→ **Required work**: When the line with "Aqualuz-Troia_piscina-exterior_1806_0718" comes up, set it down and every later line to the end of the data, exactly and without pictures.

→ **Data provided**:
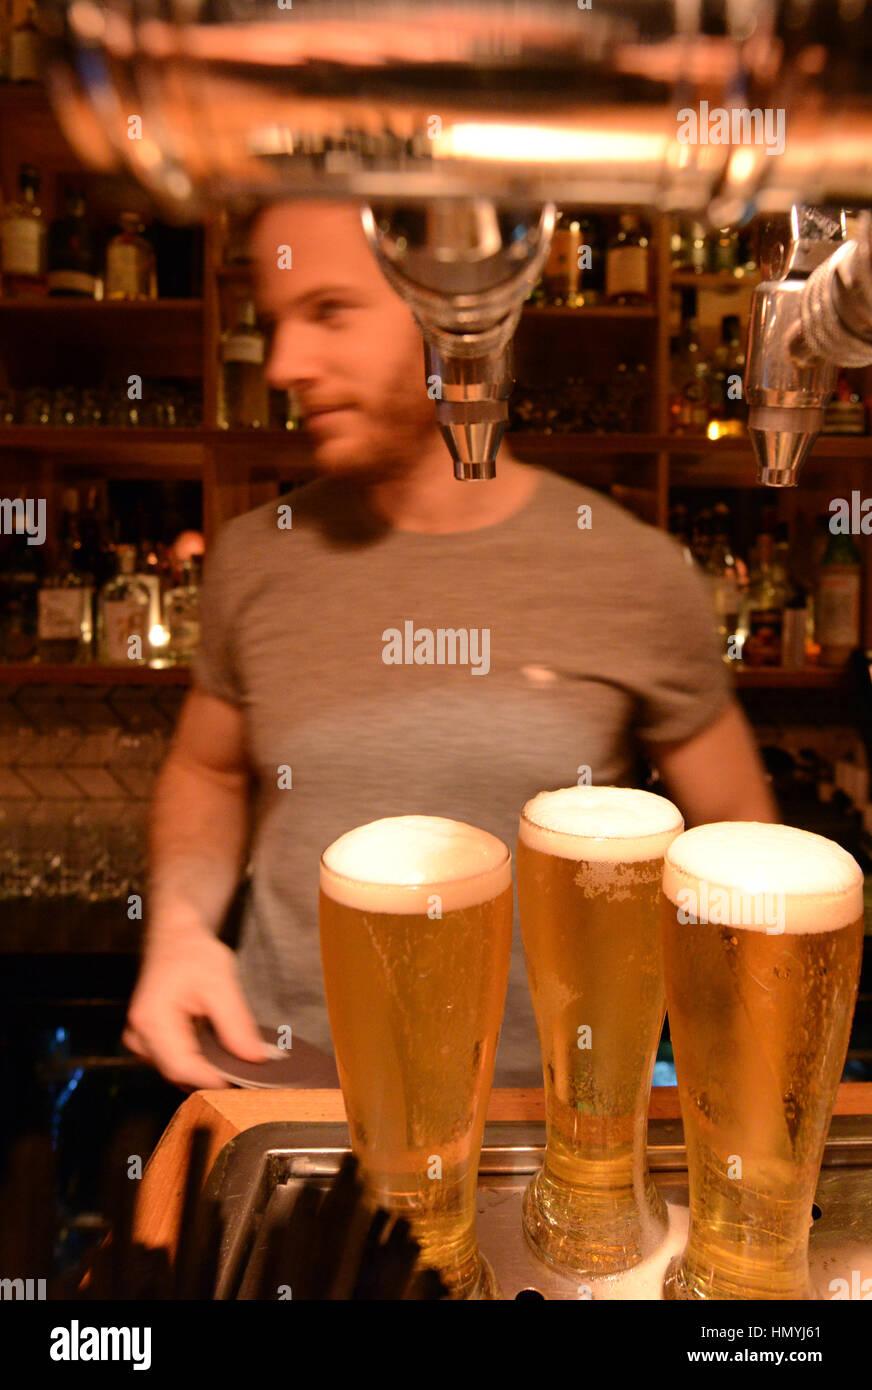 Die trendige coole Udaberri Pintxos Y Vino Bar in Adelaide, Australien. Stockbild
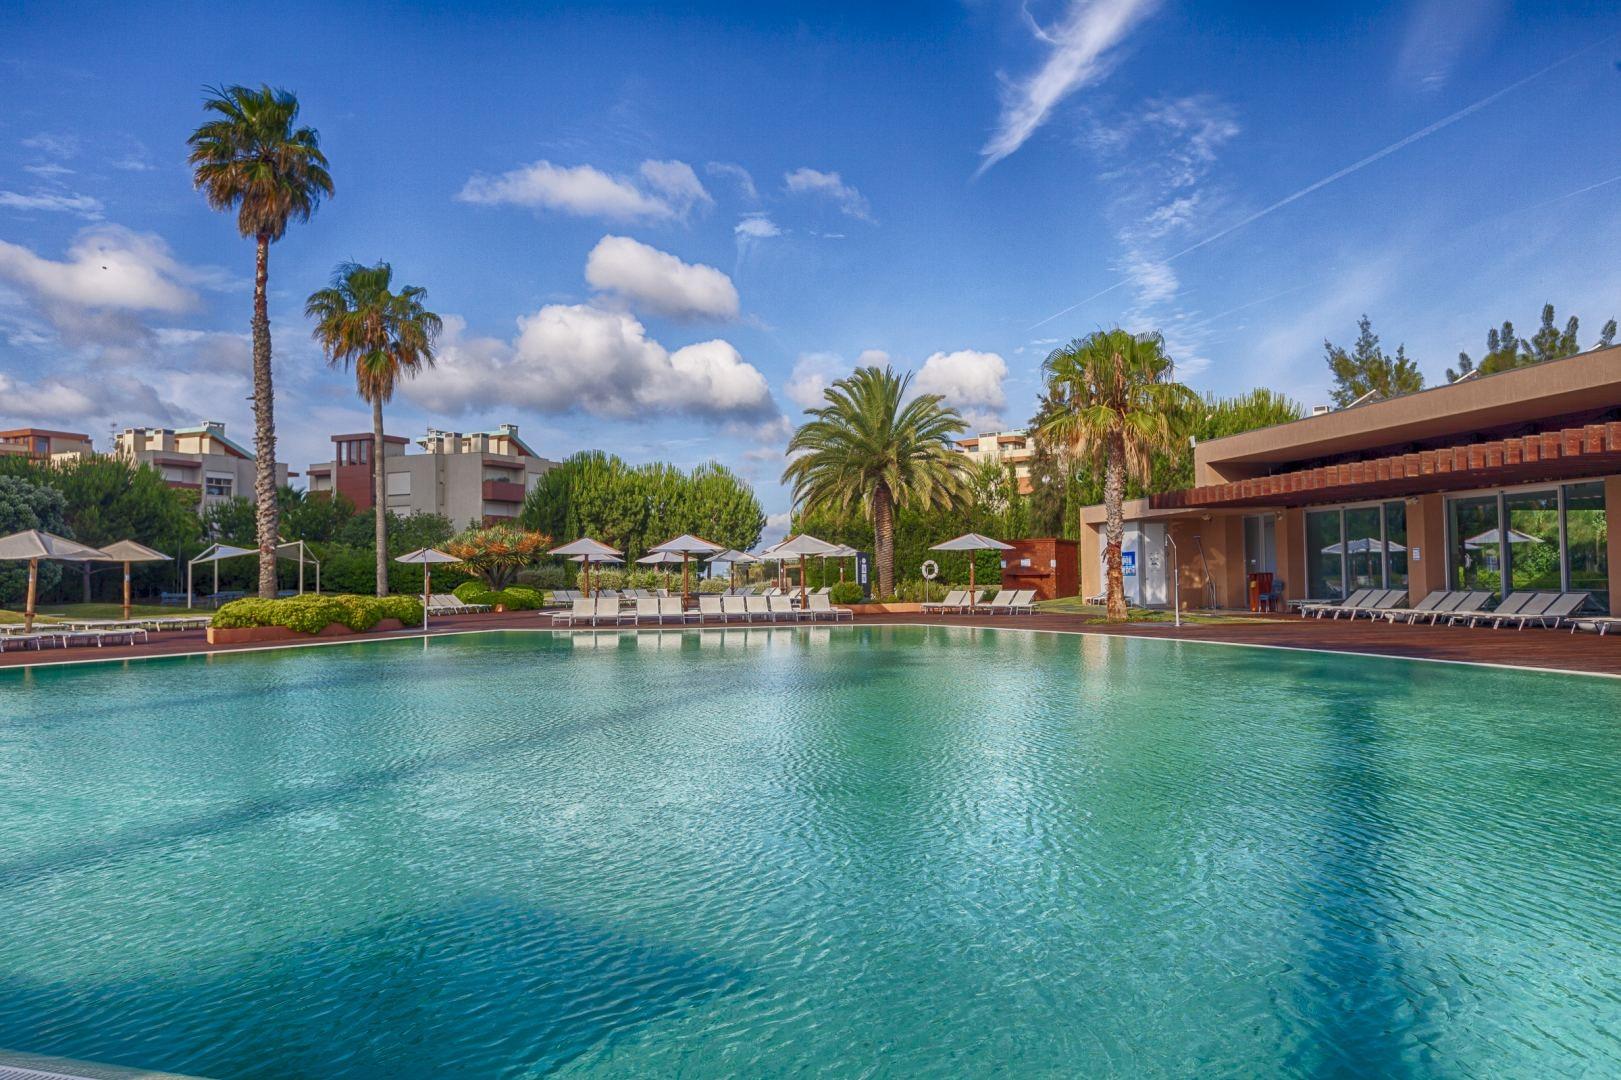 Aqualuz-Troia_piscina-exterior_1806_0718
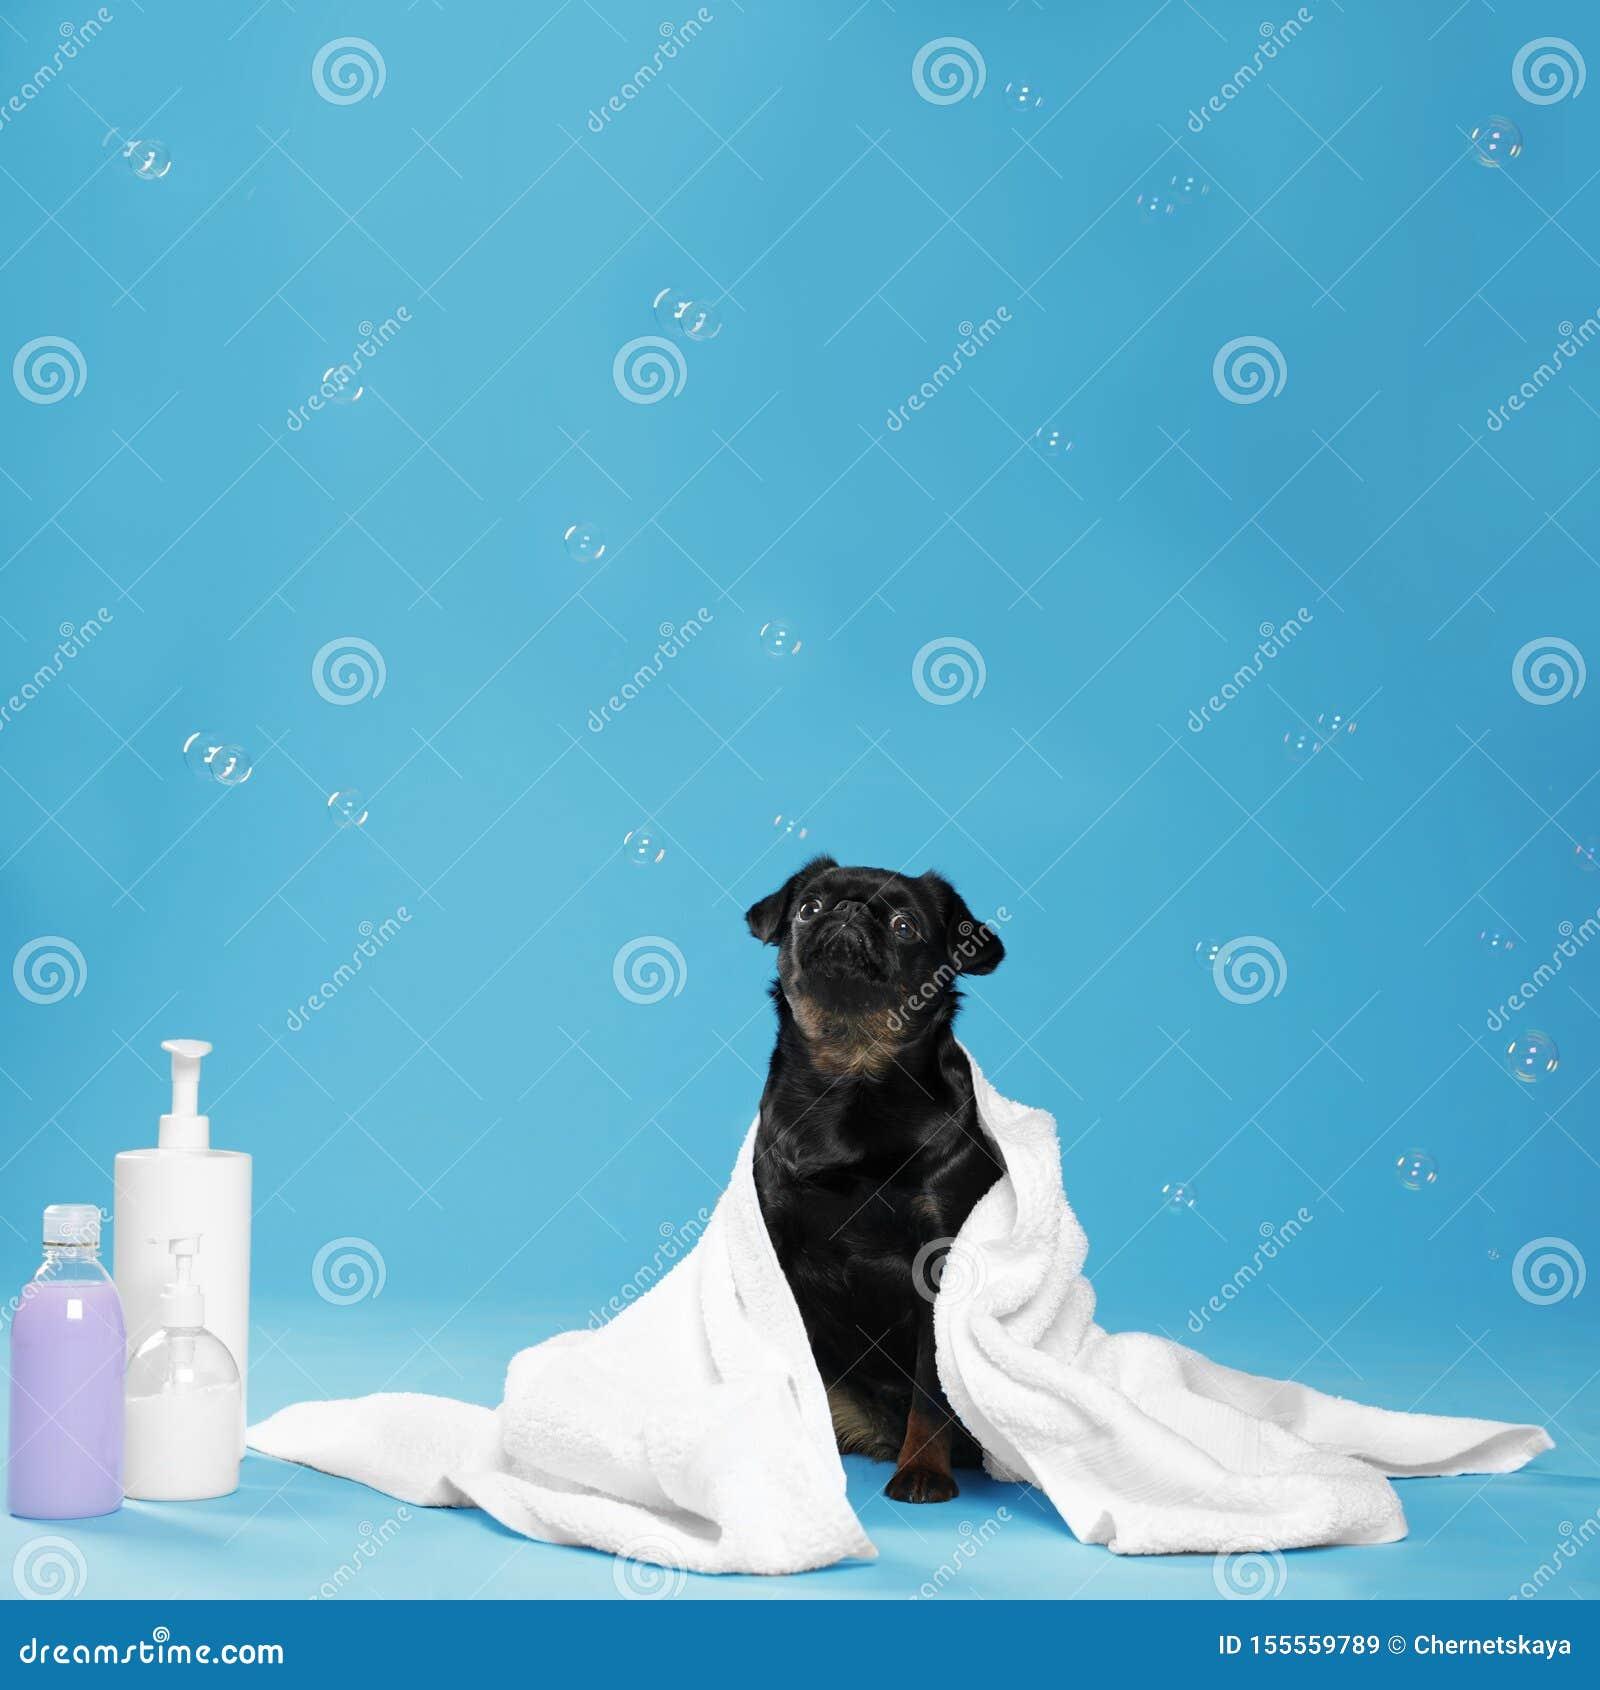 Cute black Petit dog, bath accessories and bubbles on light blue background
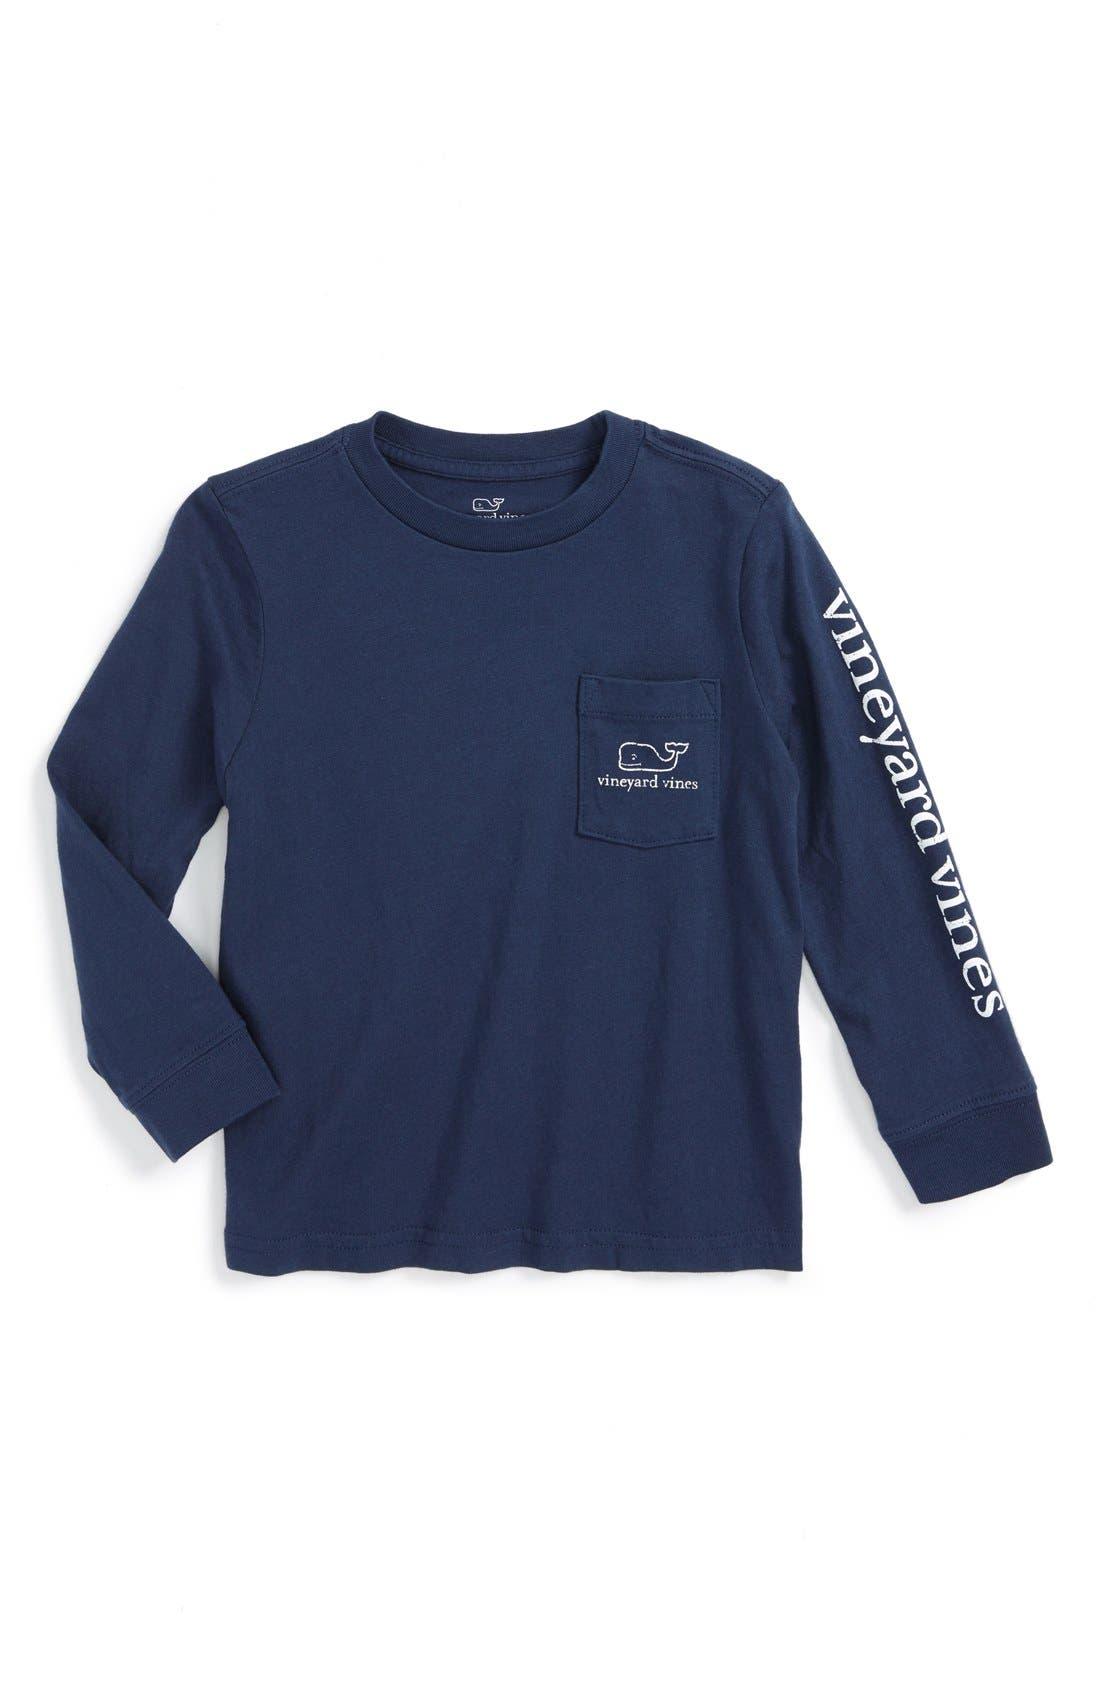 Alternate Image 1 Selected - vineyard vines Vintage Whale Graphic Long Sleeve T-Shirt (Toddler Boys & Little Boys)

→ **Task result**:
 Aqualuz-Troia_piscina-exterior_1806_0718
 Cute black Petit dog, bath accessories and bubbles on light blue background
 Alternate Image 1 Selected - vineyard vines Vintage Whale Graphic Long Sleeve T-Shirt (Toddler Boys & Little Boys)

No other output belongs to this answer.